As these issues were neither fun nor comprehendible to me in such a state of alcotude, I decided to put them on the back burner and save them for another day which may never arrive. Besides, there were a lot of other things were going on at that moment so I decided to enjoy the time. The dancing had progressed (or regressed) to a style which I would have to call inebriated, geriatric break-dancing as the band was finally getting people to feel the music. But another important civil marriage tradition was about to begin. Two of the biggest, most elegant wedding cakes imaginable were being wheeled in to be judged by the crowd. It was to be a silent vote so as not to offend the two couples who had spent days and countless resources making the six foot high masterpieces which consisted of about ten individual cakes each stacked over five different levels between pillars. Each had functioning sixty watt light bulbs as part of their decor. After the silent contest was decided mentally, the bride and groom cut the cake and handed it out to all. San Pedro enlightened me by telling me that the groom would have to show his appreciation to each of the two couples the next morning. After partying tonight until sun up, he would, at nine AM, go knocking on the doors of the houses of the cake-makers - beers in hand - and invite them to continue the party with him. He would then move onto the other house with the same idea. This event would last the entire next day.

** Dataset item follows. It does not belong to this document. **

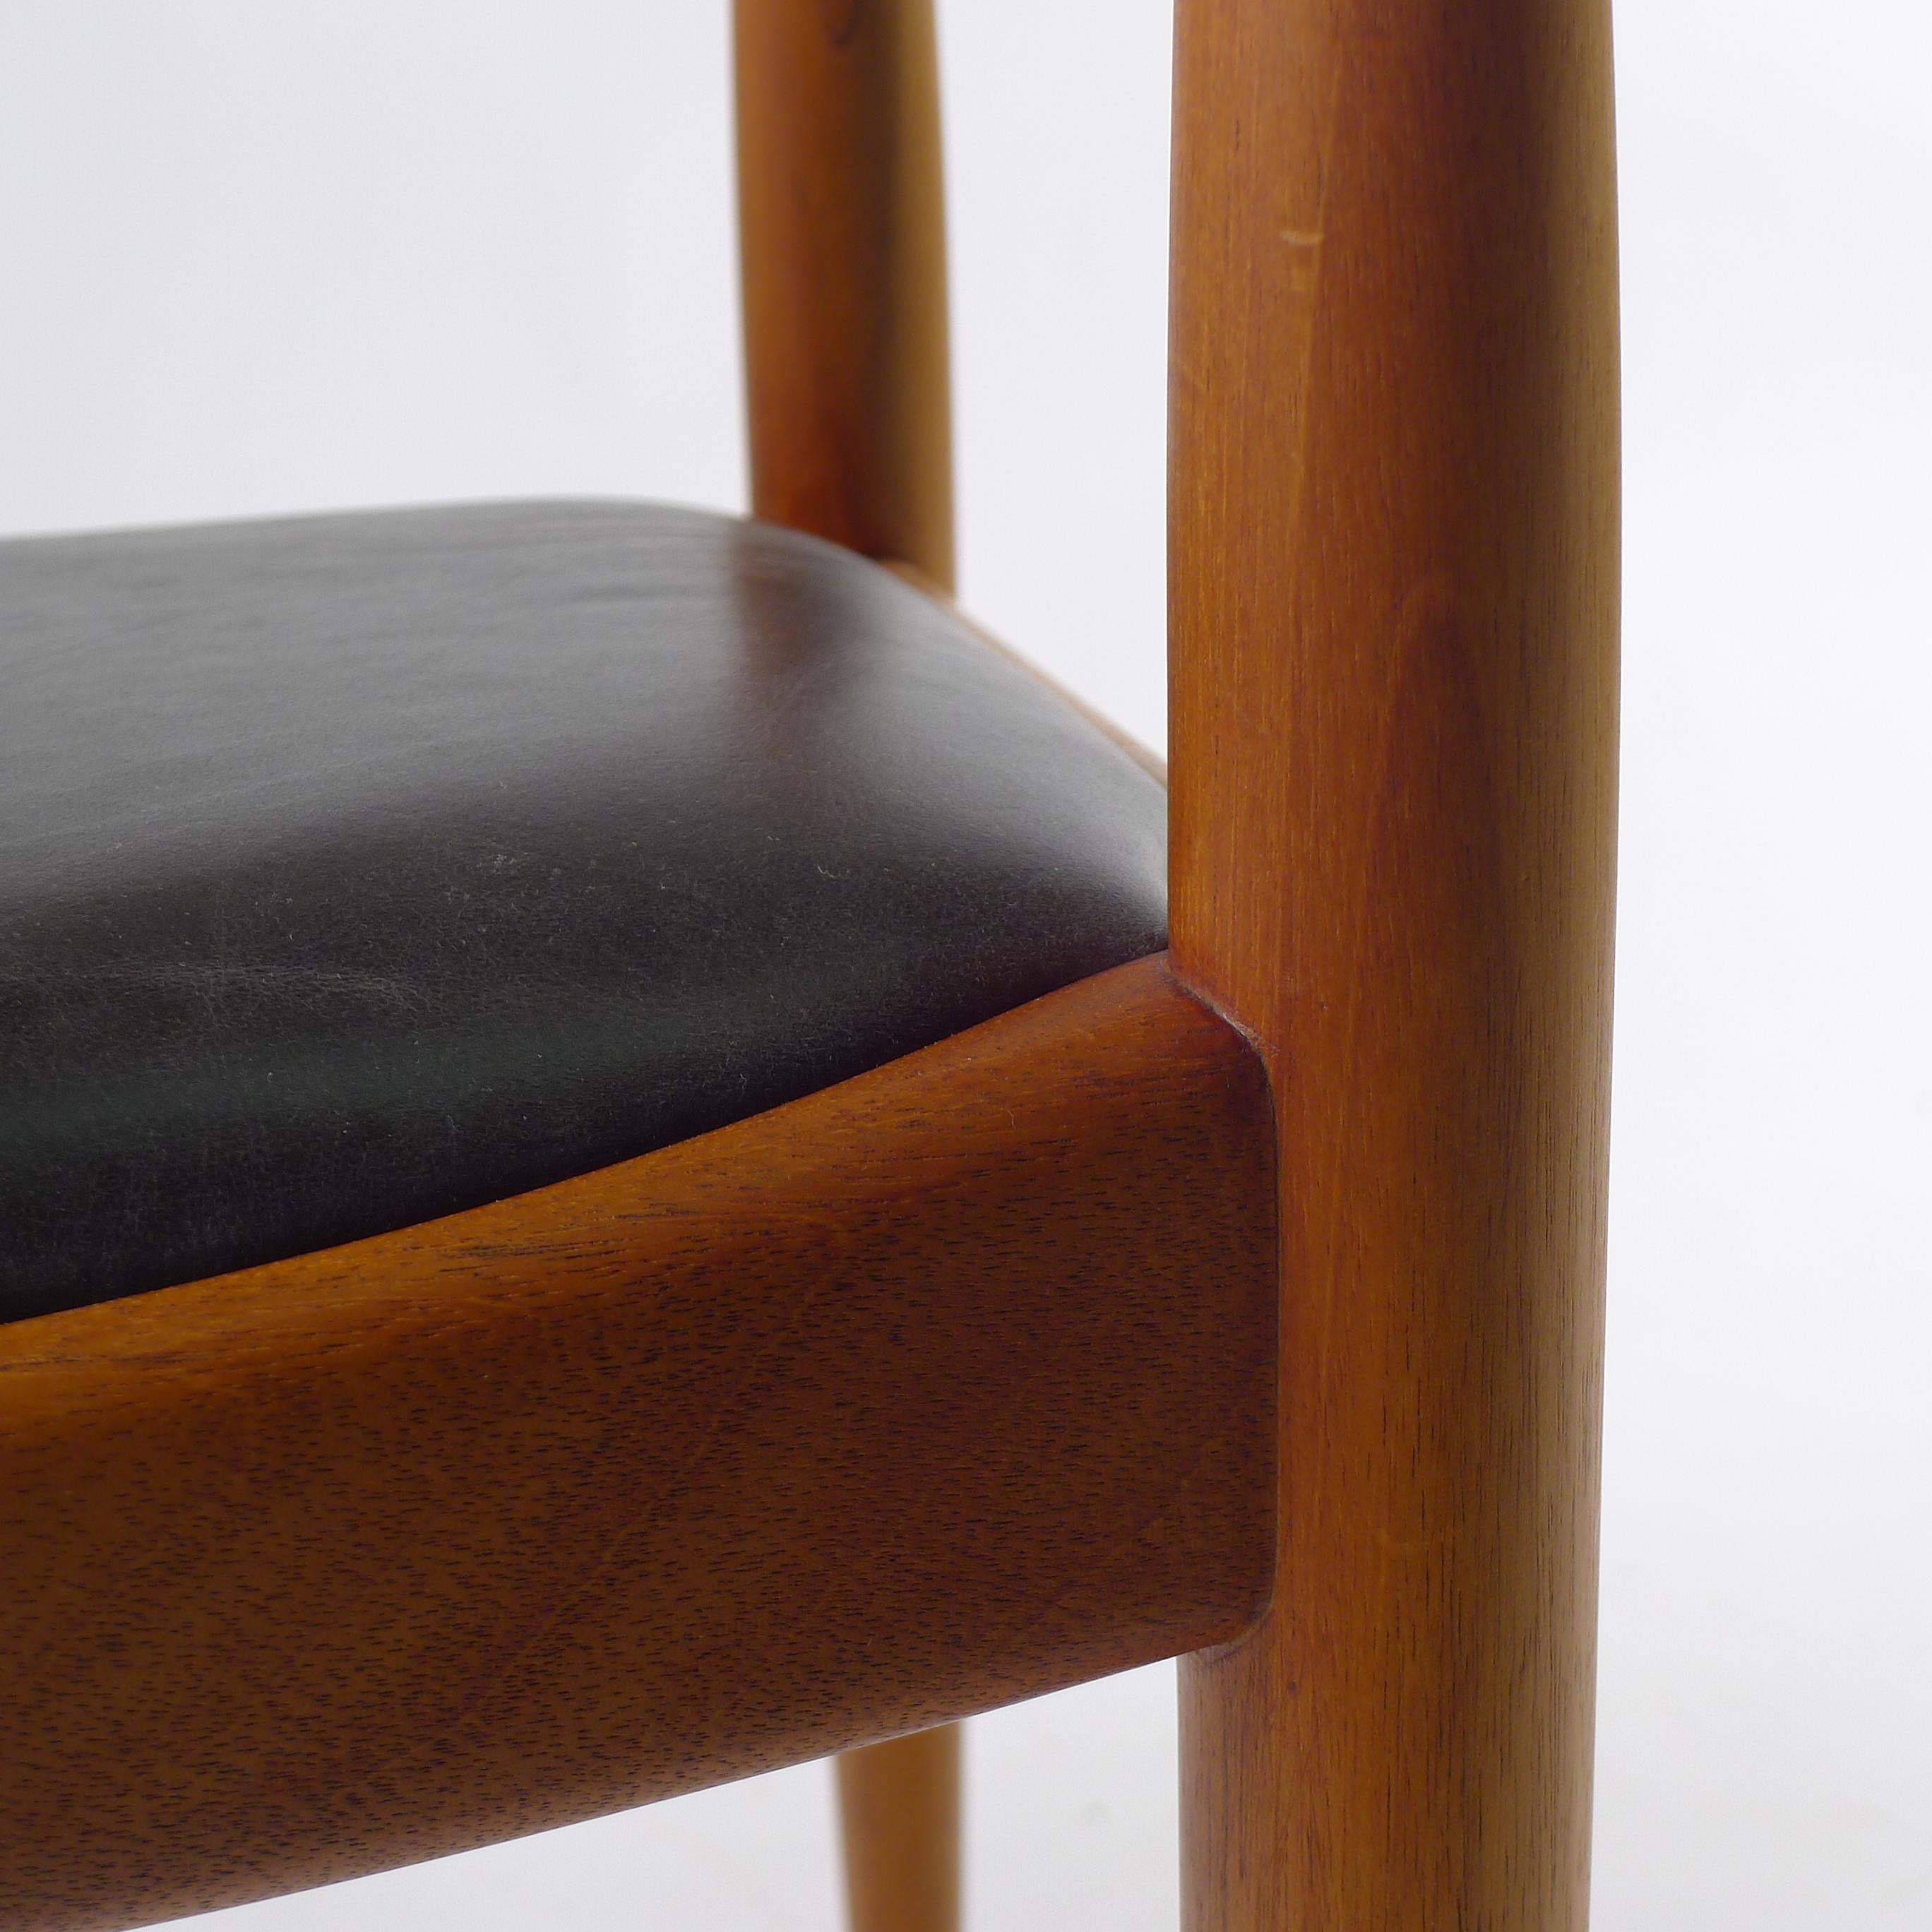 Cuir Hans J Wegner, la chaise/la chaise ronde, Design/One 1949, pour Johannes Hansen, Danemark

This day's events had continued to blow my mine over and over, but after the cake was eaten and the ceremony was finished there was still one tradition remaining: fighting. The flood of yellow ceibo on the concrete floor was starting to reach biblical proportions and I could only imagine the color of the boiling blood running through the veins of the small-statured miners after drinking so much. The groom's father's silicosis-laden body lay passed-out on a bench on the side of the room while some pushing, shoving, and sloppy tongues had begun to manifest. San Pedro told us we were going to have to exit soon because many fights are common when someone lets the miners out. Whether they are working out old grudges, starting new ones, or just having reckless fun, it was gonna be too dangerous or unpredictable for us to stay. This was unfortunate because Andy, Amber, and I were just reaching the Altiplano (of drinking). That is to say, we had been in such a foreign environment the entire day that no matter how much we consumed by way of necessity or peer pressure, we were on guard and prepared to handle whatever came our way. The Altiplano (higher plane) of drinking felt good right then and leaving the party was also symbolic of the fact that we were leaving the geographical Bolivian Altiplano tomorrow for lower ground.

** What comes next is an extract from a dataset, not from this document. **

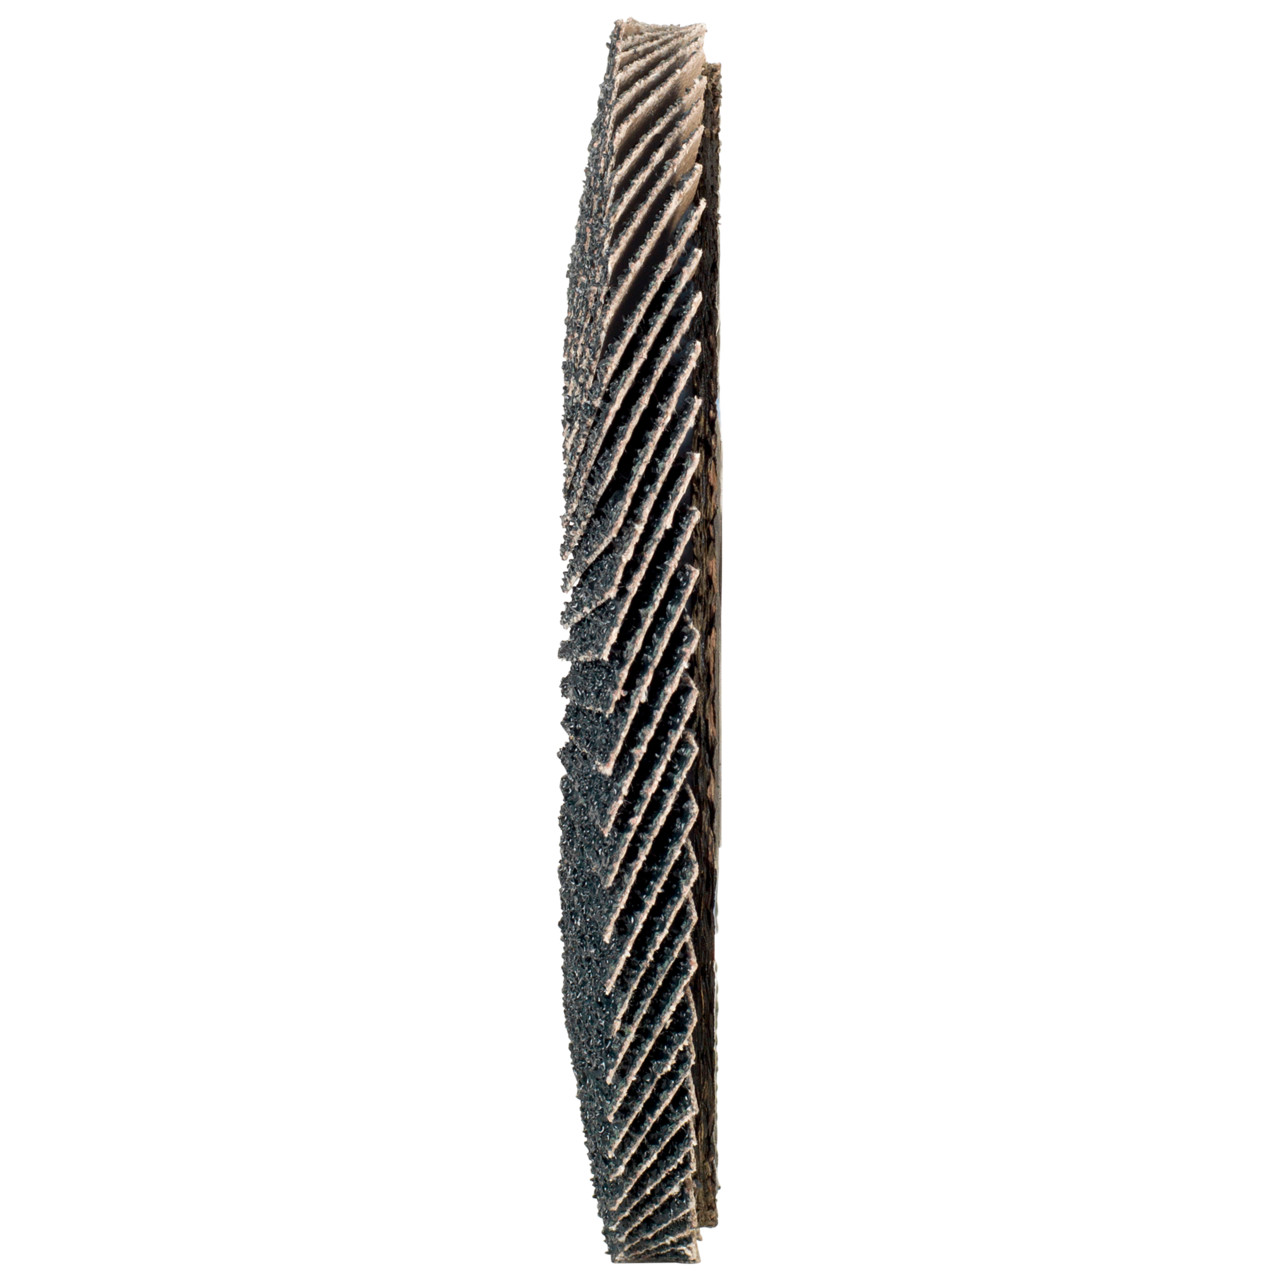 TYROLIT Fächerscheibe DxH 125x22,2 2in1 für Stahl & Edelstahl, P80, Form: 27A - gekröpfte Ausführung (Glasfaserträgerkörperausführung), Art. 668665

But we appreciated the protection of San Pedro. He had been a saint for allowing us into the world of miners and their hidden culture. If only for a brief enough period to understand a fraction, we once again were blessed with an opportunity which few will ever experience: The miners strike, the day underground in the mines, and the civil wedding. The next day, on a long bus ride off the Altiplano, we reflected on our adventures in Bolivia and our upcoming parting from it and from Amber. And the quality of our experiences made our high-alcotude hangover that much easier to deal with.